Identifying the Effect of Non-Ideal Mixing on a Pre-Denitrification Activated Sludge System Performance through Model-Based Simulations

Abstract

Effectiveness of a pre-denitrification activated sludge treatment system is governed by the kinetics of the biological reactions, and the hydrodynamic mixing behavior in the reactors. Achieving good mixing conditions within a reactor not only enhances the transfer of reactants but also ensures homogeneous environmental conditions throughout the vessel when required, allowing for an effective usage of the reactor’s total volume, leading to optimized, low-cost operation.
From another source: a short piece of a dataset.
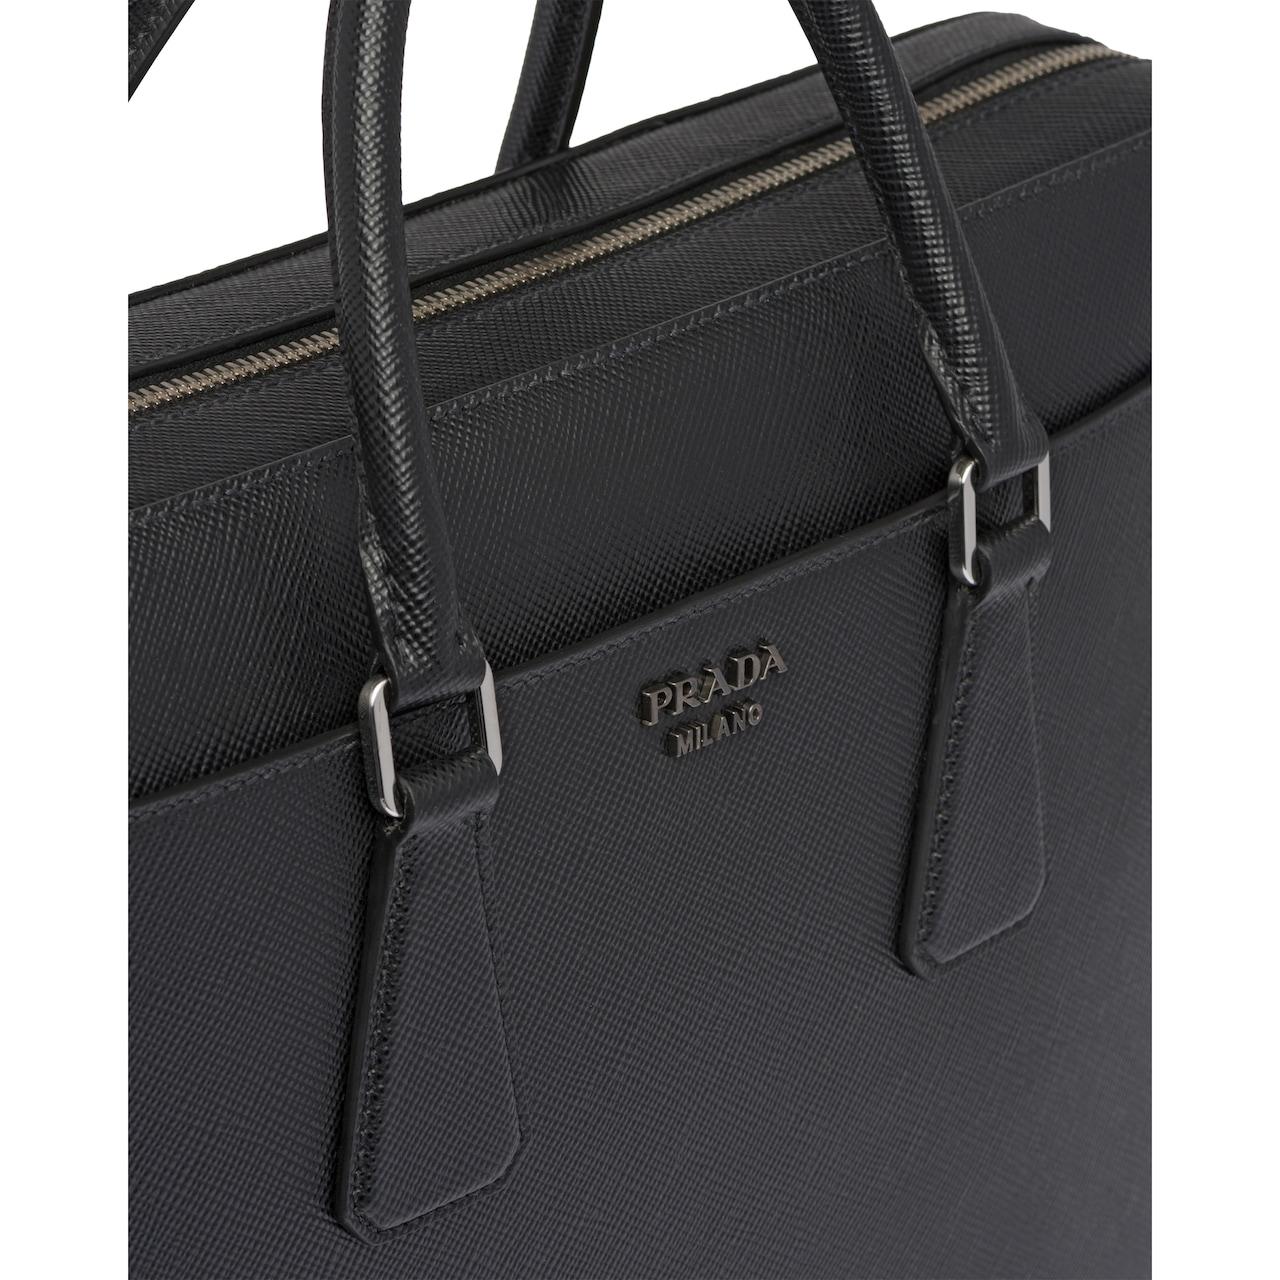 Prada Saffiano Cuir leather briefcase 5

In this work, a pre-denitrification activated sludge system performance with regards to the biological treatment of organic carbon and nitrogen was investigated, under two scenarios for non-ideal mixing in the anoxic reactor. The system performance is simulated based upon the Activated Sludge Model 1 model’s biological reactions, and combining two non-ideal mixing two-parameter models: CSTR with bypass and dead volume, and two CSTRs with exchange. Performance discrepancies were then identified in the presence of non-ideal mixing. The system’s performance was found to be more susceptible to the presence of a dead volume/bypass scenario compared to the two CSTRs with material exchange scenario. Under non-ideal mixing conditions, effluent concentrations of Total Kjeldahl Nitrogen, organic carbon increased marginally, while effluent concentration of nitrate increased significantly. Similarly, the waste stream concentrations of Total Kjeldahl Nitrogen and organic carbon increased significantly as a result of an increase in the concentration of the heterotrophic biomass. The outcome of this study provides an insight when troubleshooting the operation of pre-denitrification activated sludge systems for non-ideal mixing conditions.